NSW: Crows Nest. Allen & Unwin, 2007.



Karen Armstrong is regarded as one of the world’s leading historians of religion. Many will already know of her writings, especially the extremely popular A History of God. I expect this book to also become very popular with readers.

In this book, which is part of a series on famous or important books which have had a major influence in the world, Armstrong traces the history of the Bible’s usage over the generations, beginning with the (Hebrew scriptures) Torah through to Modernity (most readable and helpful in light of our current faddish flirting with fundamentalism and neo-orthodoxy) – in eight well-written, thoughtful chapters.


Then, the Glossary, Index and Notes, covering 71 pages, is a goldmine of information and references.

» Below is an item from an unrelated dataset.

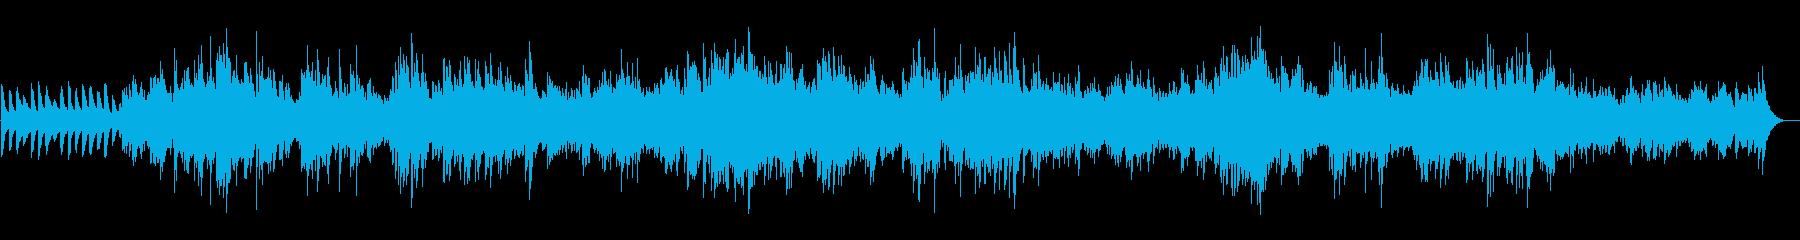 サウンドスケープをリラックスさせる...の再生済みの波形
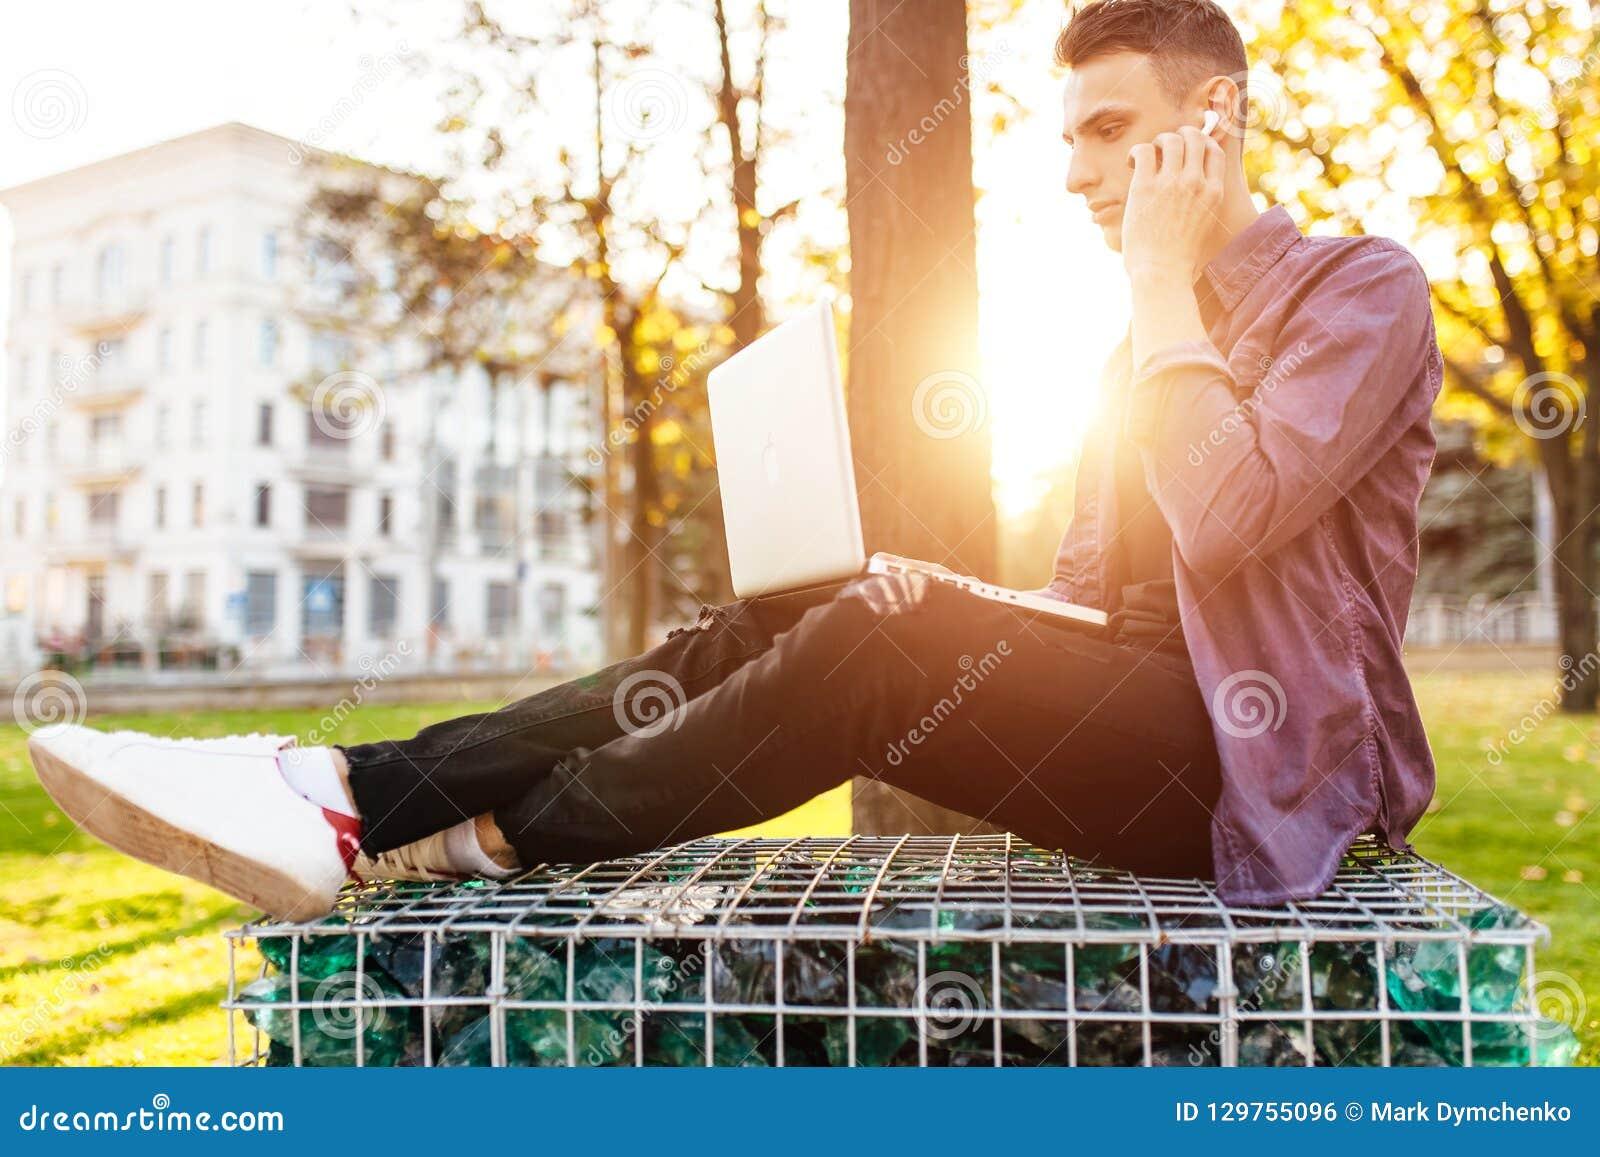 Un hombre en ropa casual se sienta en un banco, trabaja con un ordenador portátil y

Finally, and this is where I want to end this review – with Armstrong’s own thoughts – is her Epilogue. It is here I hope many in the Uniting Church will find both informative and helpful, and as she says, a way forward. Let me offer some of those thoughts in note form:

• many modern assumptions about the Bible are incorrect;

• the Bible did not encourage slavish conformity;

• it has been suspicious of orthodoxy since the time of the prophets;

• the modern habit of quoting proof-texts to legitimise policies and rulings is out of key with interpretive tradition;

• there is a great deal of violence in the Bible – far more than in the Qu’ran.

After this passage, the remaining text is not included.